Instructions for the task
Transcribe the data as written, minus images.

Dataset extract
------------------------------------------------

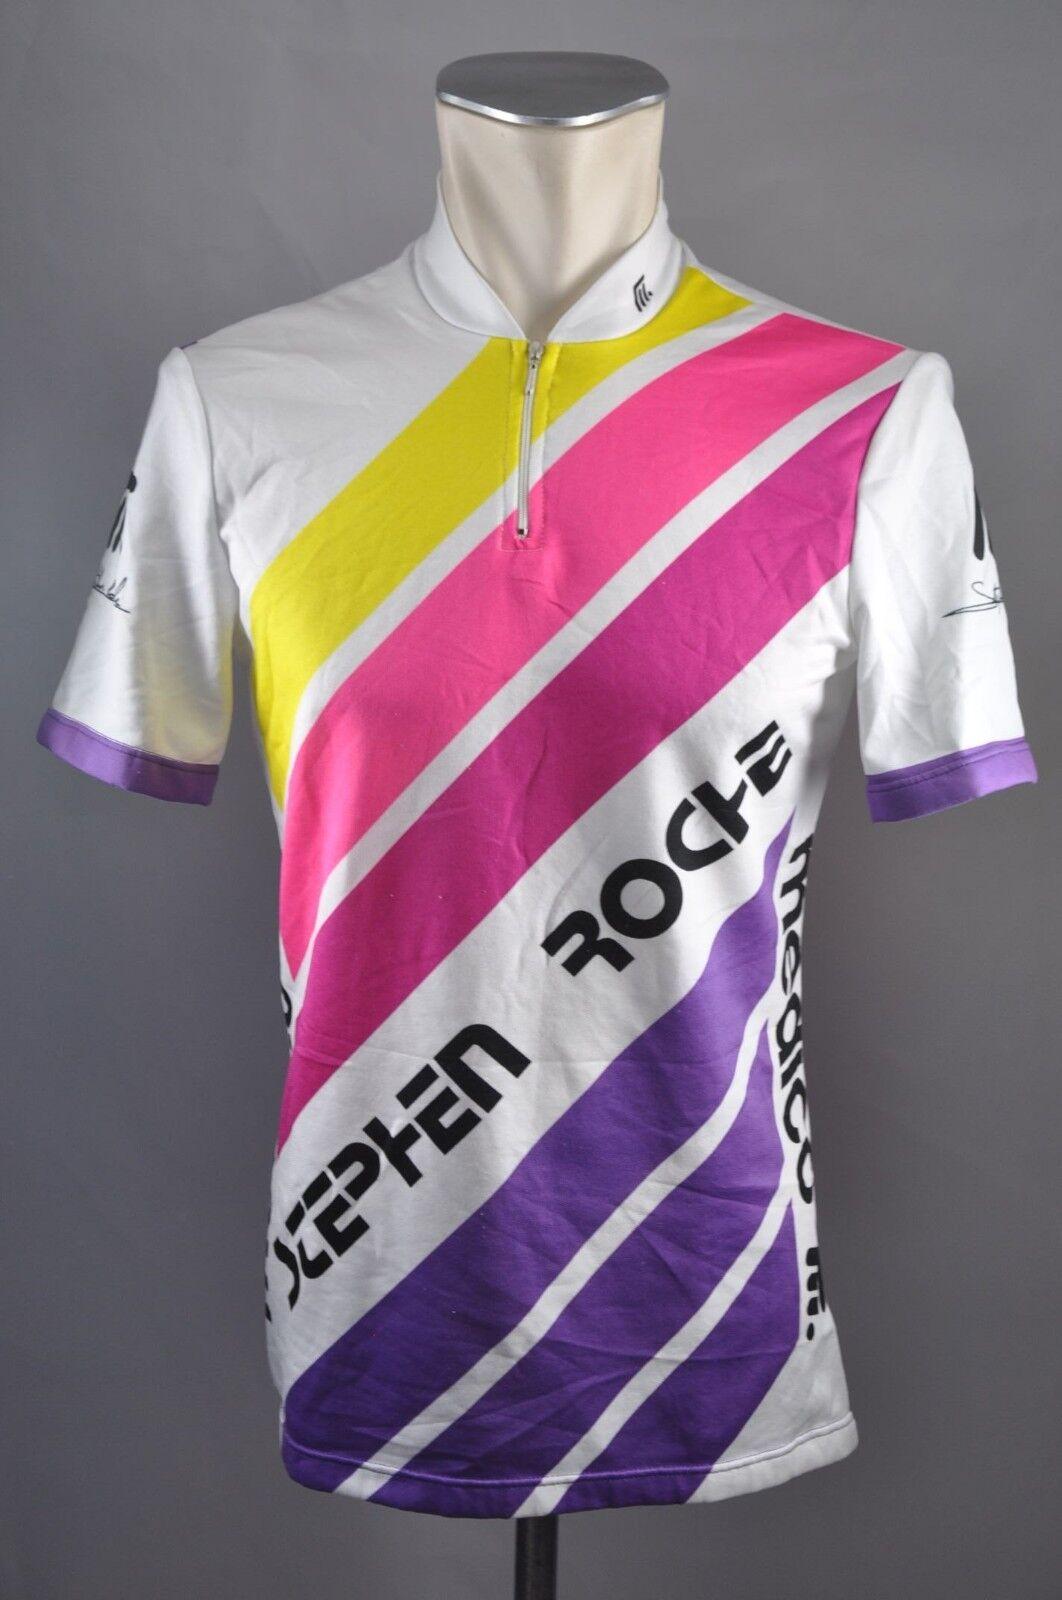 Medico Stephen Roche vintage jersey cycling jersey Bike Rad Trikot Gr. M 50cm J
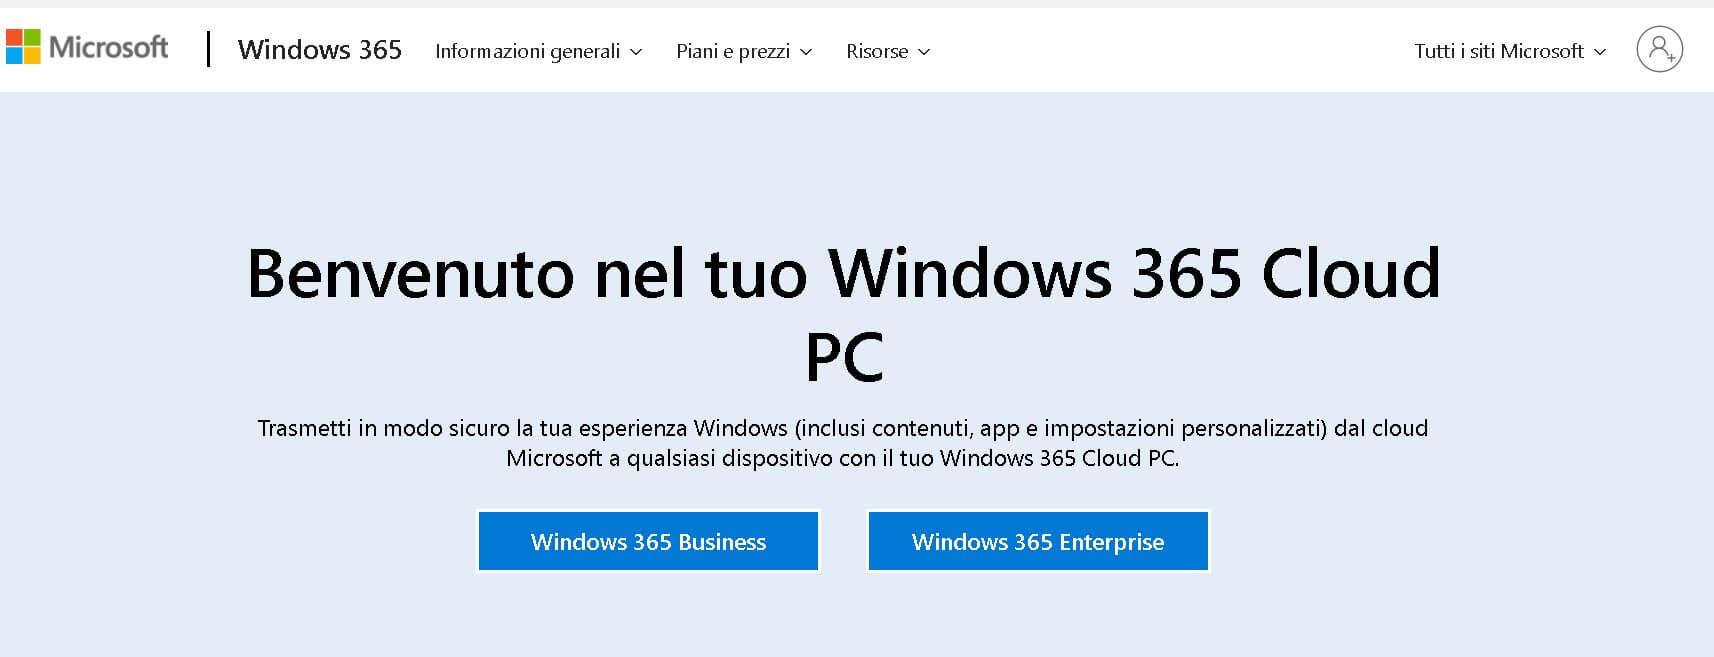 windows 365 -home page
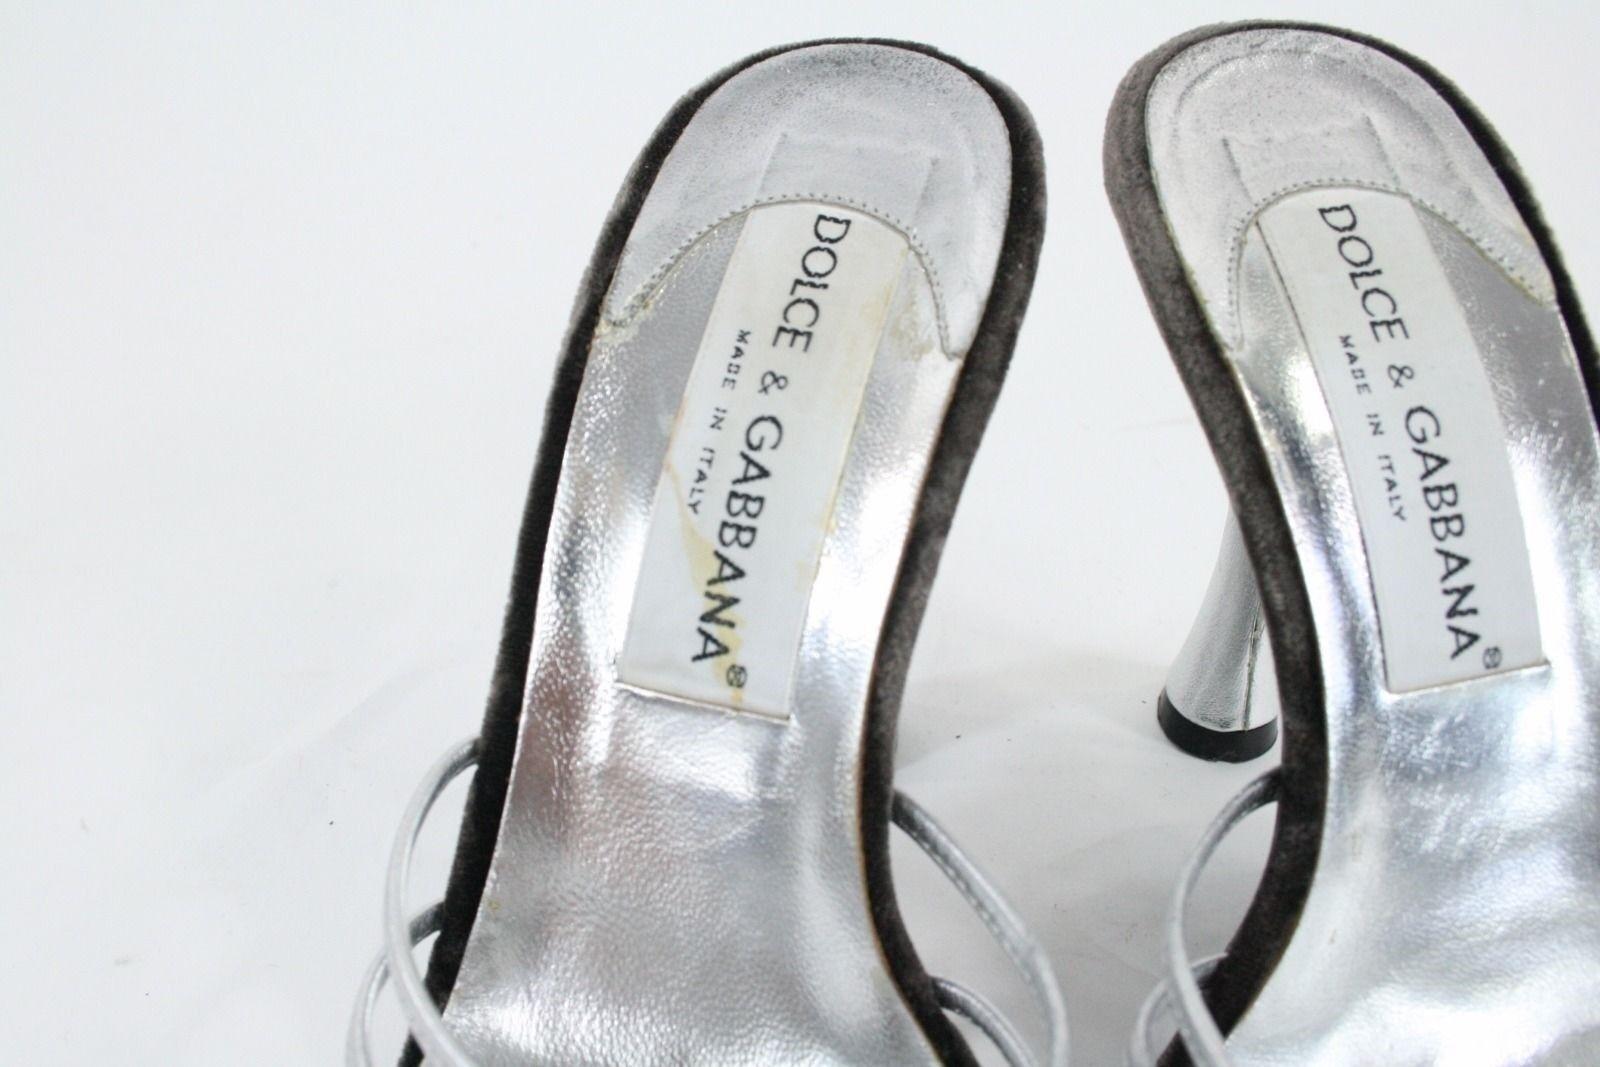 Dolce & Stiletto Gabbanna Silver Leder Strappy Front Backless Stiletto & Sandales Sz 35.5 c9b149
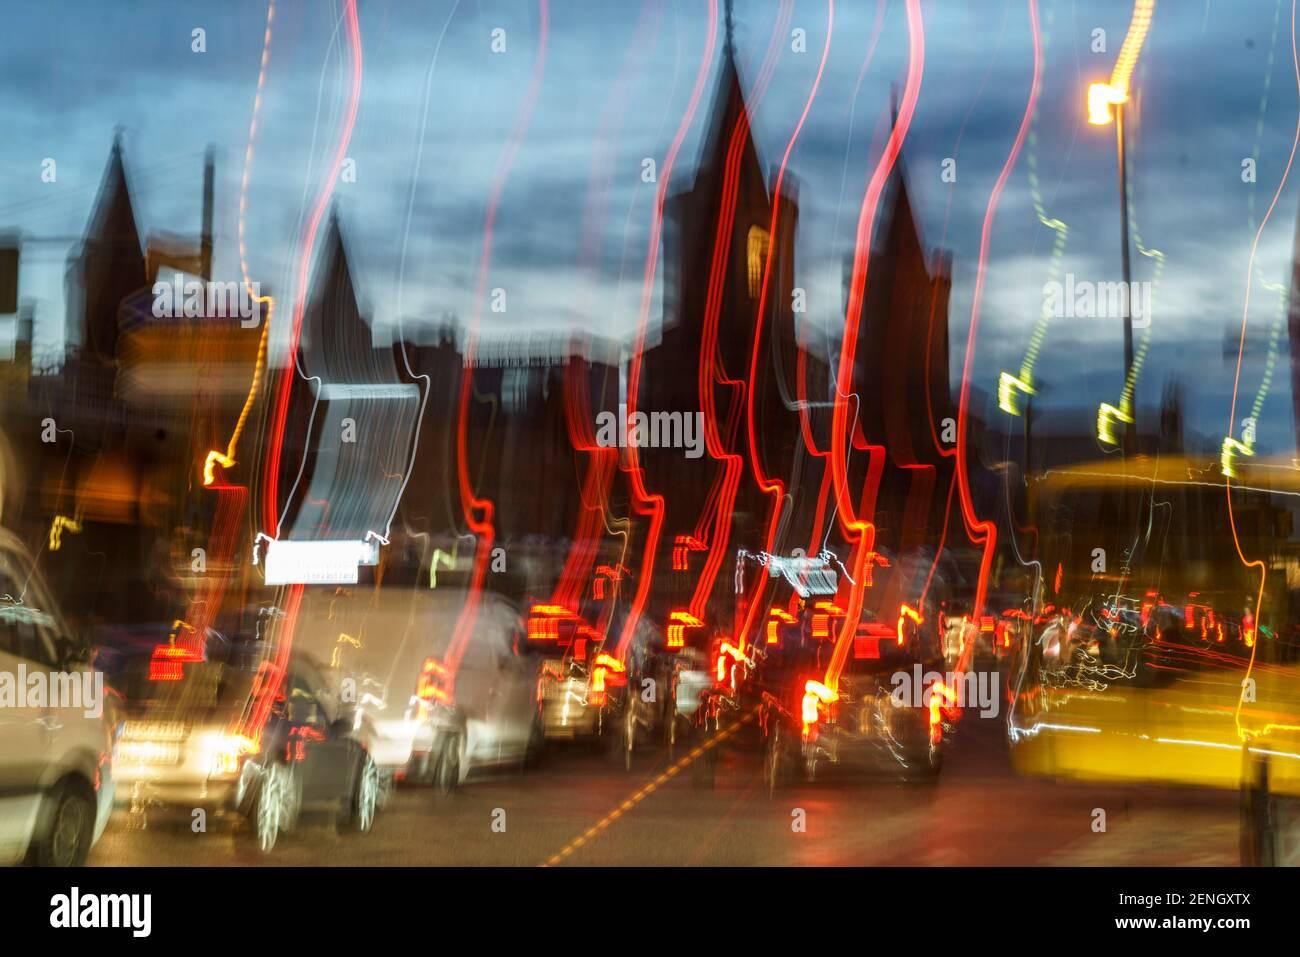 Oberbaumbruecke, Verkehrschaos, Stau, rush hour, verwischt, Schienenersatzverkehr U1, U3, Berlin Stock Photo

------------------------------------------------

The completed task
 Medico Stephen Roche vintage jersey cycling jersey Bike Rad Trikot Gr. M 50cm J
 windows 365 -home page
 Dolce & Stiletto Gabbanna Silver Leder Strappy Front Backless Stiletto & Sandales Sz 35.5 c9b149
 Oberbaumbruecke, Verkehrschaos, Stau, rush hour, verwischt, Schienenersatzverkehr U1, U3, Berlin Stock Photo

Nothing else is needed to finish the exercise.